Splitting data for Rural_Dominated_Flag...
  Train: 28 samples (Positive: 39.3%)
  Test:  8 samples (Positive: 37.5%)

Step 6 Complete


### STEP 7: FINAL VALIDATION & EXPORT

In [9]:
print("STEP 7: FINAL VALIDATION & EXPORT")

def validate_and_export(df_processed, splits, balanced_data):
    """Perform final validation and export preprocessed data"""
    
    print("\nPerforming final validation checks...")
    
    # Check 1: No missing values
    missing_count = df_processed.isnull().sum().sum()
    print(f"  Missing values: {missing_count}")
    
    # Check 2: All numerical features scaled
    numerical_cols = df_processed.select_dtypes(include=['float64', 'int64']).columns
    for col in numerical_cols:
        if 'Flag' not in col and 'Region_' not in col:
            col_std = df_processed[col].std()
            col_mean = df_processed[col].mean()
            if abs(col_mean) > 10 or col_std > 10:
                print(f"  ⚠ Warning: {col} may not be properly scaled (mean={col_mean:.2f}, std={col_std:.2f})")
    
    # Check 3: Binary flags intact
    binary_cols = [col for col in df_processed.columns if 'Flag' in col]
    for col in binary_cols:
        unique_vals = df_processed[col].unique()
        if not set(unique_vals).issubset({0, 1}):
            print(f"  ⚠ Warning: {col} has non-binary values: {unique_vals}")
    
    print("\nValidation complete")
    
    # Export preprocessed data
    print("\nExporting preprocessed datasets...")
    
    # 1. Main preprocessed dataset
    df_processed.to_csv('ml_preprocessed_full.csv', index=False)
    print("  ml_preprocessed_full.csv")
    
    # 2. Export train-test splits for each target
    for target, split_data in splits.items():
        # Train set
        train_df = pd.DataFrame(split_data['X_train'])
        train_df[target] = split_data['y_train']
        train_df.to_csv(f'ml_train_{target}.csv', index=False)
        
        # Test set
        test_df = pd.DataFrame(split_data['X_test'])
        test_df[target] = split_data['y_test']
        test_df.to_csv(f'ml_test_{target}.csv', index=False)
        
        print(f"  ml_train_{target}.csv & ml_test_{target}.csv")
    
    # 3. Export balanced datasets for imbalanced targets
    for target, balanced in balanced_data.items():
        balanced_df = pd.DataFrame(balanced['X'])
        balanced_df[target] = balanced['y']
        balanced_df.to_csv(f'ml_balanced_{target}.csv', index=False)
        print(f"  ml_balanced_{target}.csv")
    
    print("\n" + "="*80)
    print("PREPROCESSING PIPELINE COMPLETE")
    print("="*80)
    
    # Summary statistics
    print("\nFinal Dataset Summary:")
    print(f"  Total samples: {len(df_processed)}")
    print(f"  Total features: {len(df_processed.columns)}")
    print(f"  Engineered features: {len([c for c in df_processed.columns if 'Interaction' in c or 'Squared' in c or 'Region_' in c])}")
    print(f"  Binary targets: {len(binary_cols)}")
    print(f"  Balanced datasets created: {len(balanced_data)}")
    
    return df_processed

# Execute Step 7
print("\nExecuting Step 7...")

final_data = validate_and_export(ml_data_engineered, data_splits, balanced_data)
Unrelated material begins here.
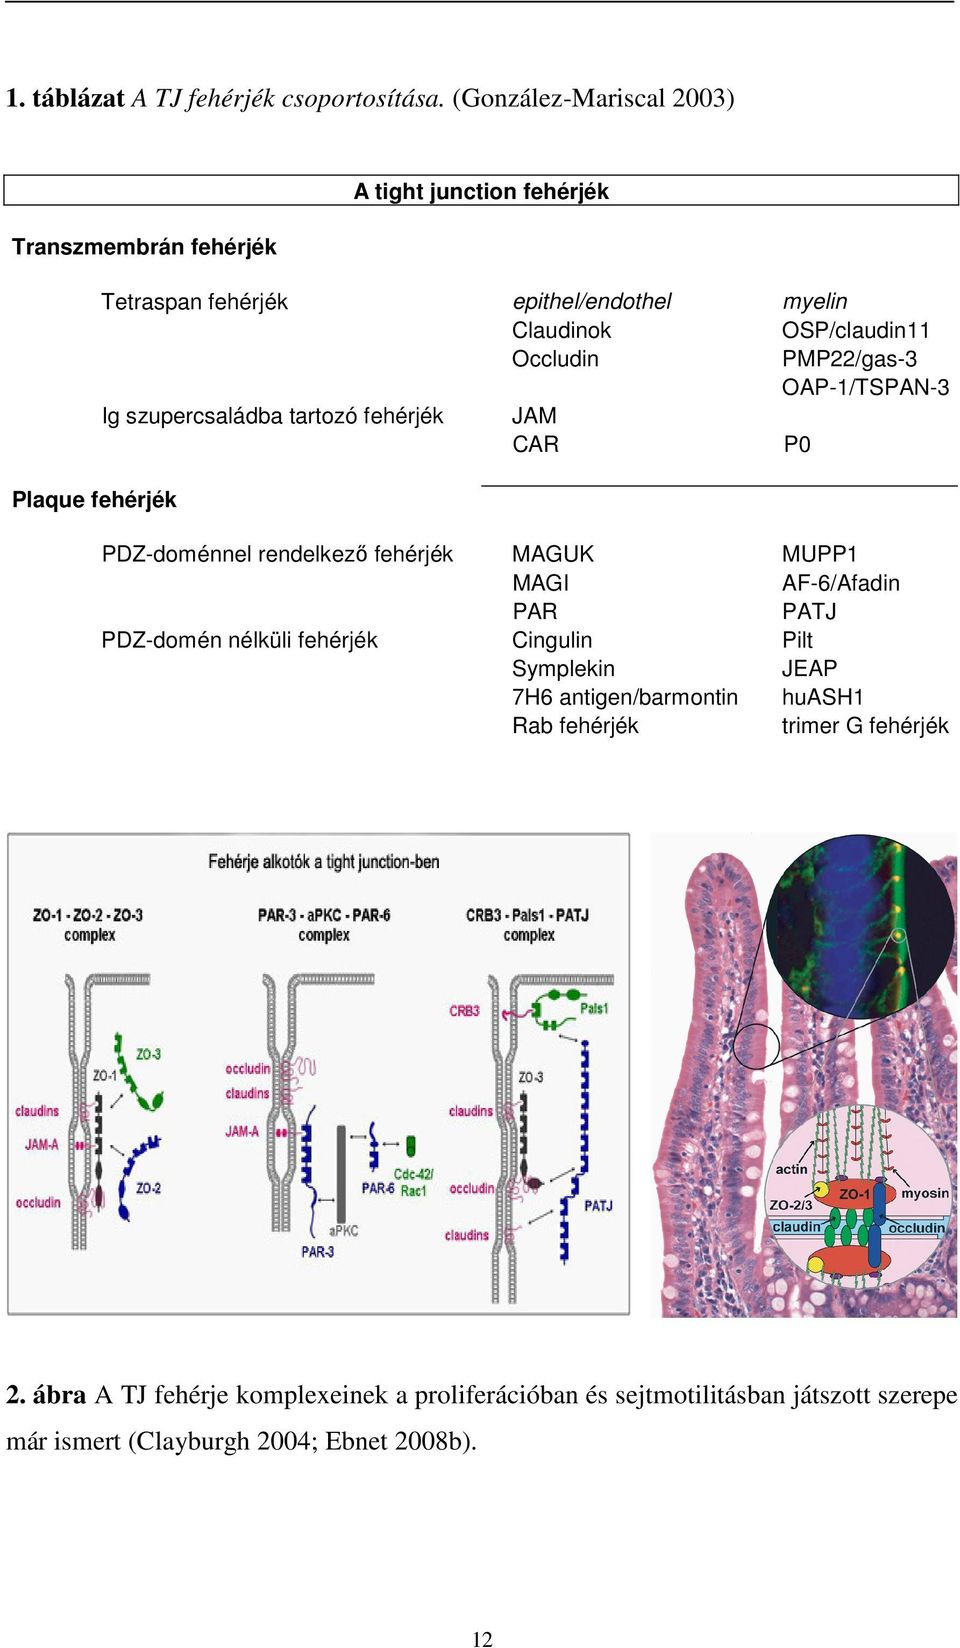 OSP/claudin11 Occludin PMP22/gas-3 OAP-1/TSPAN-3 Ig szupercsaládba tartozó fehérjék JAM CAR P0 PDZ-doménnel rendelkező fehérjék MAGUK MUPP1 MAGI

print("\nALL PREPROCESSING STEPS COMPLETED SUCCESSFULLY!")

STEP 7: FINAL VALIDATION & EXPORT

Executing Step 7...

Performing final validation checks...
  Missing values: 0

Validation complete

Exporting preprocessed datasets...
  ml_preprocessed_full.csv
  ml_train_High_Operative_Flag.csv & ml_test_High_Operative_Flag.csv
  ml_train_High_Growth_Flag.csv & ml_test_High_Growth_Flag.csv
  ml_train_High_RuPay_Flag.csv & ml_test_High_RuPay_Flag.csv
  ml_train_High_Balance_Flag.csv & ml_test_High_Balance_Flag.csv
  ml_train_Rural_Dominated_Flag.csv & ml_test_Rural_Dominated_Flag.csv

PREPROCESSING PIPELINE COMPLETE

Final Dataset Summary:
  Total samples: 36
  Total features: 61
  Engineered features: 8
  Binary targets: 5
  Balanced datasets created: 0

ALL PREPROCESSING STEPS COMPLETED SUCCESSFULLY!